Sunday, March 03, 2013

Luftpanzer!

I've been reading volume two, The Day of Battle, of Rick Atkinson's "Liberation Trilogy".

Atkinson writes well and has done his research; his Army at Dawn was a good summary of the U.S. North Africa campaign. The second volume is equally comprehensive on the campaigns for Sicily and Italy. Makes for a terrible story; you have to wonder what the hell the Allied leaders were thinking ("soft underbelly"? My ass). It's popular history, yes, but well-drawn and (so far as I can tell) sound on the major events and controversies of the place and time.

But that's not really what I wanted to talk about. It's these guys:

You can't make your way around North Africa, Sicily, and Italy between 1942 and 1944 without stumbling over this outfit, perhaps one of the oddest in military history; an entire armored division owned by an air force.

The Hermann Göring armored division was probably the strangest end-member of the Nazi penchant for empire-building, internal as well as external. The capability of the German ground forces in WW2 - and even the most Allied-biased have to admit that on the tactical level the German armed forces were largely better at their work than pretty much any of their enemies - is fairly remarkable given the almost-Byzantine-level of complexity of the Wehrmacht. Alongside the Heer, the regular Army, you had a completely parallel Nazi Party army in the "armed" or Waffen SS.

And beside them, you had damn near an entire freaking air force army.

You could say that the German military of the Forties did it exactly backwards from the way the U.S. did it; in the U.S. of 1943 the air force belonged to the army. In Germany, the air force HAD an army; 22 Luftwaffe feldivisionen, or "Air Force Field Divisions" That's not even counting the fallschirmjäger; the eleven divisions of German paratroops came under Air Force command (as did everything else that flew than that the Reichsmarschall could get his pudgy fingers on).

But you can make kind of a case for the paratroops (the Soviet paras were part of their air force, and even the early U.S. Army experiments with airborne troops flirted with the notion of slotting them into the USAAF), and the feldivisionen were flat-out a mid-war expedient forced on the Wehrmacht by Der Dicke's political pull and greed for power.

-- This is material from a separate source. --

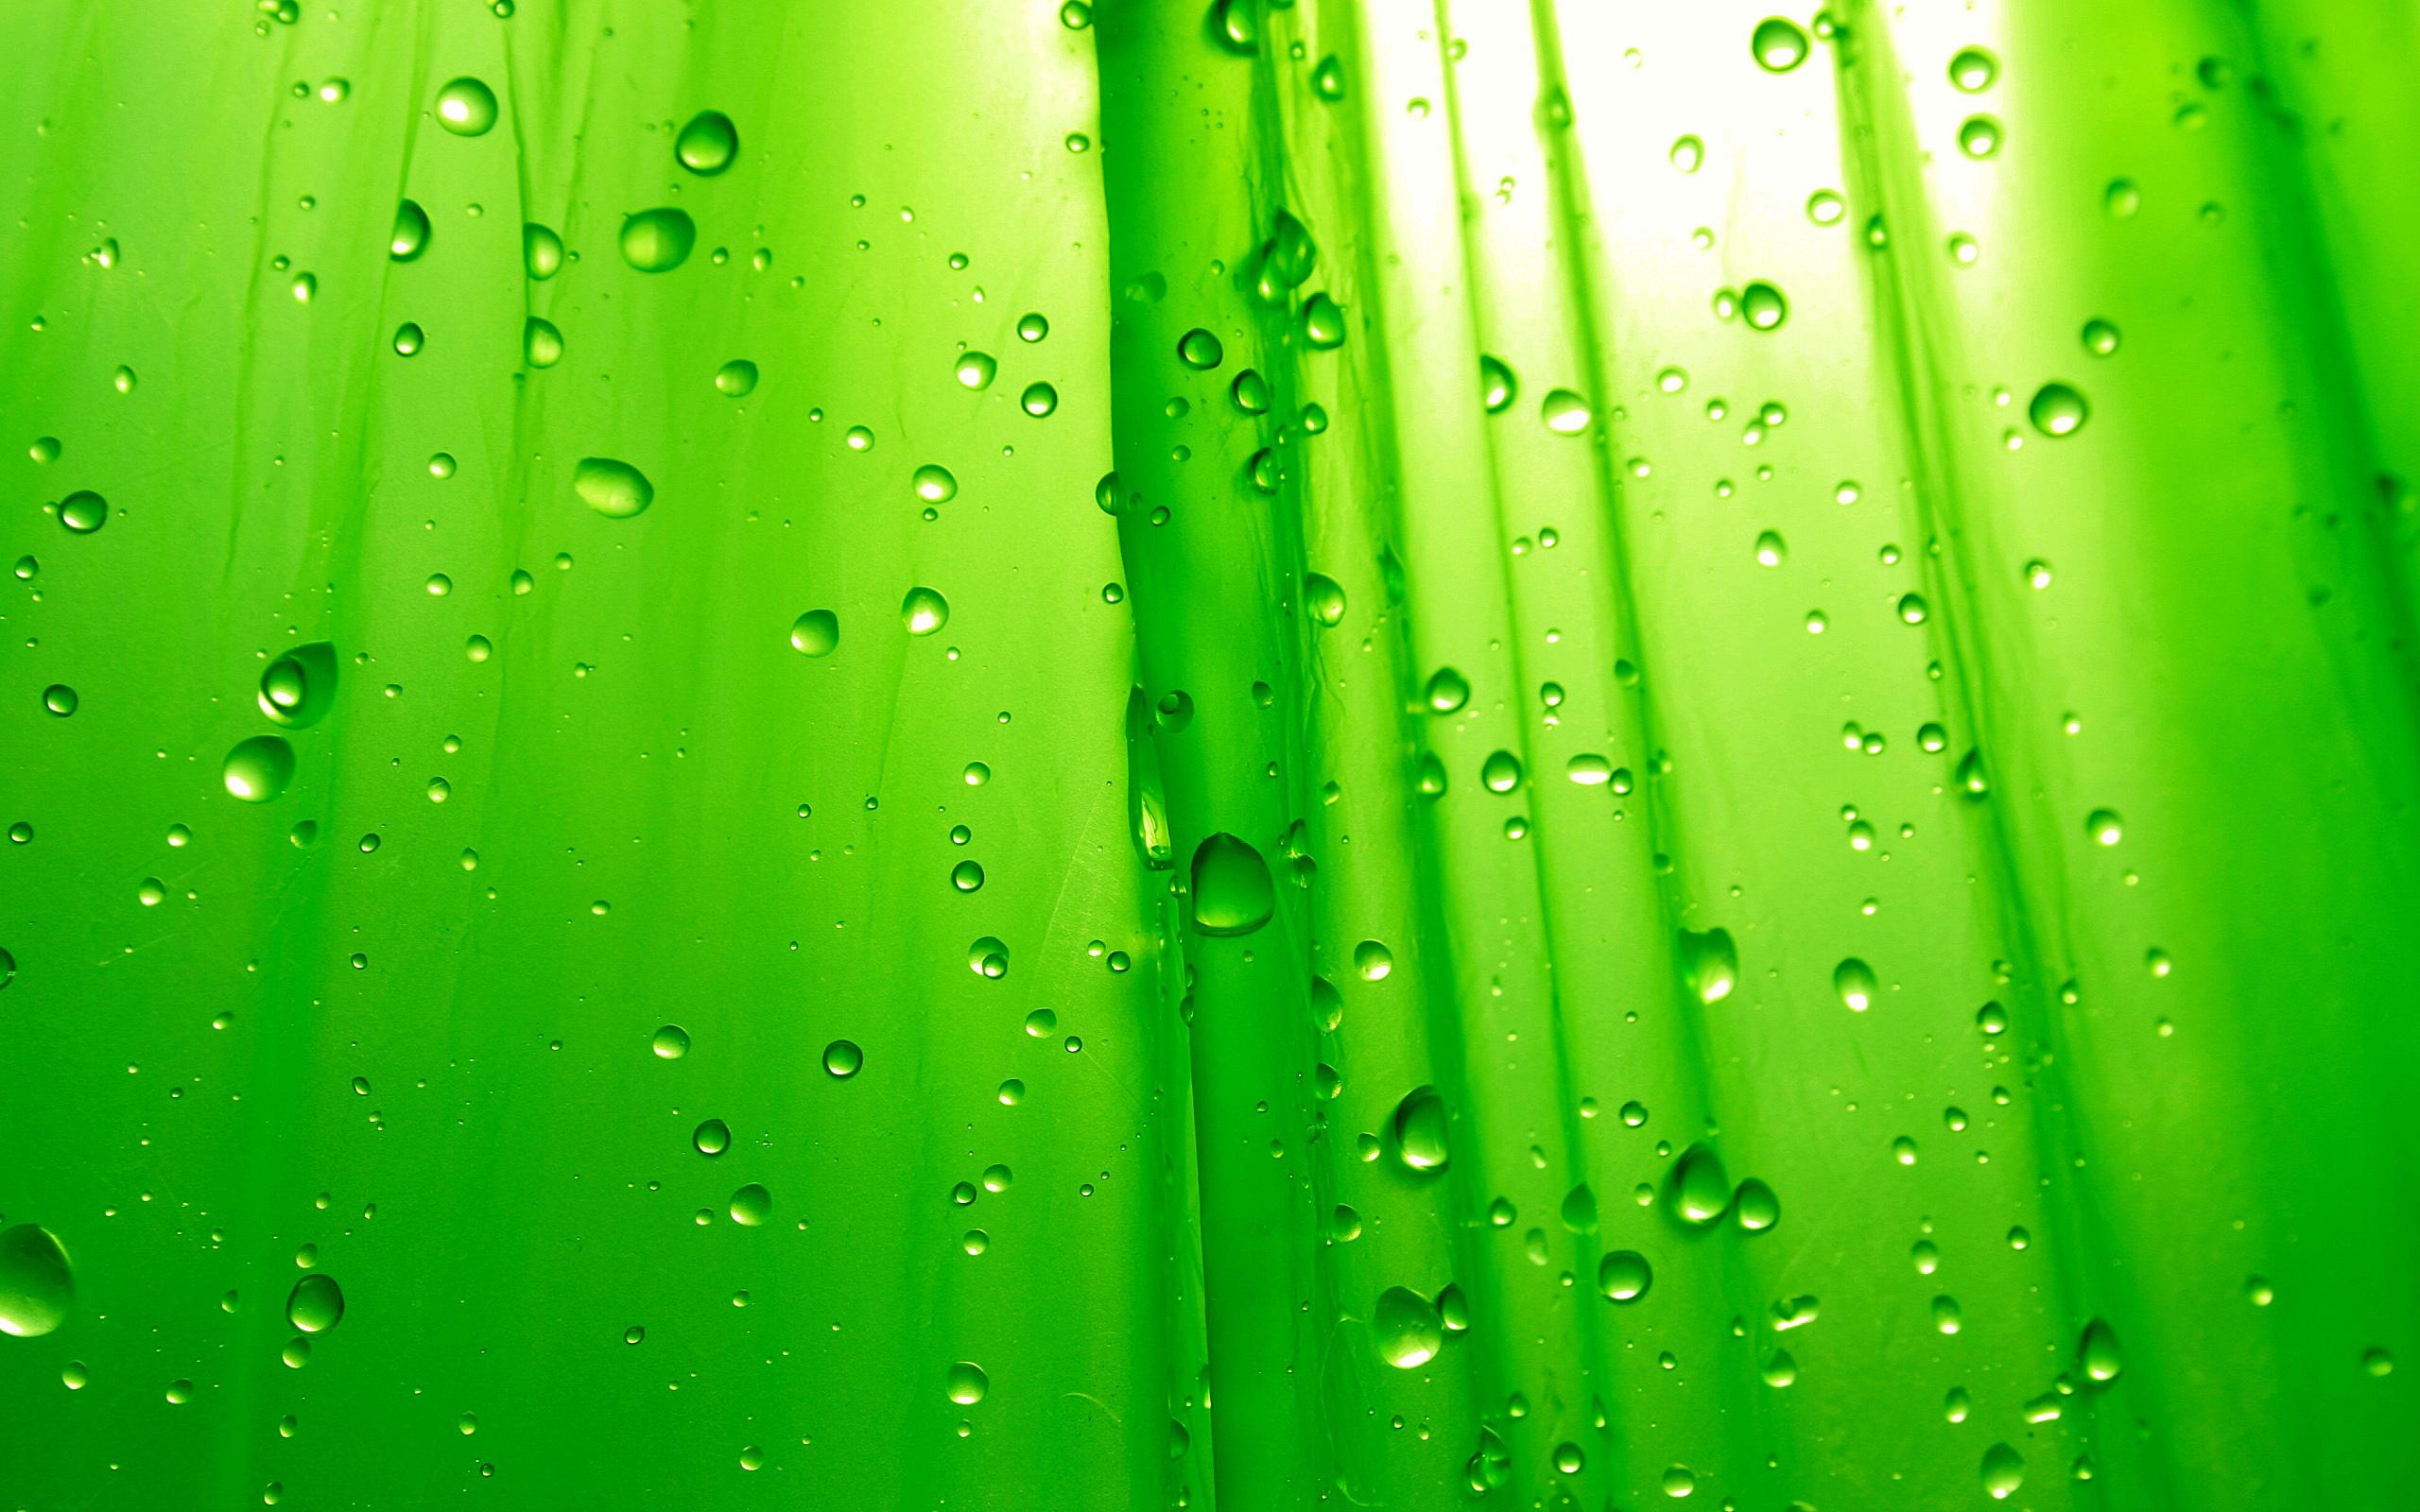 Neon wallpaper   simply green wallpaperjpg Wallpapers   HD Wallpapers 2560x1600

But the Hermann Göring was a whole different critter; a created-from-the-treads-up armored division for the German air force.

And the other odd thing is that, like the paratroopers and very unlike the felddivisionen (which were disasters and probably killed more Germans that their enemies...) the HG turned out to be an excellent combat outfit. Several commentators such as Martin Blumenson have rated it among the best of the German WW2 armored formations. That's pretty high praise, given the competition.

But...I'm sorry; the whole idea is just fucking weird.

There are lots of things about the Nazi period in Germany that are fascinating in a horrible way. But there are some things about that period that are fascinating just because they're...odd. And the notion of an air force wanting their own tank division?

To me, that's just odd. I get it, I understand WHY Fatso wanted one - hard to be a soldier without understanding power bases and military empire-building - but letting him have one?

Odd.

But perhaps I should be careful about name-calling other militaries; at least the Kriegsmarine resisted the impulse to voluntarily form it's own infantry brigade.

Go figure.

4 comments:

Swanditch said...

For a moment I thought you were an Ogre player:

http://www.sjgames.com/miniatures/ogre/paneuropeanset4/

FDChief said...

Ogre! God, I DID play that back in the day! I had the rulebook back in the Seventies; never got past that, though SJG was bringing out the miniatures at the same time...

Damn; haven't thought of that for donkey's years...what a fun, goofy wargame.

Not as goofy as an air force armored division, but, still...

Leon said...

I'm surprised by the restraint shown by the Nazi party. I mean shouldn't the German Red Cross have their own panzergrenadier division? The Nationalist Socialist Teachers League their own Panzer Lehr division? Wait, maybe they did...
http://en.wikipedia.org/wiki/Panzer_Lehr

FDChief said...

I'm always kind of amazed that the Nazis did as well as they did. Their opponents must have been fucked up like a football bat; come to think of it, until about 1943 most of them were.

But the bottom line seems to be that in their military organization, as in their military strategy they seem to have been...well, good tacticians. Great at winning fights, wars? Not so much.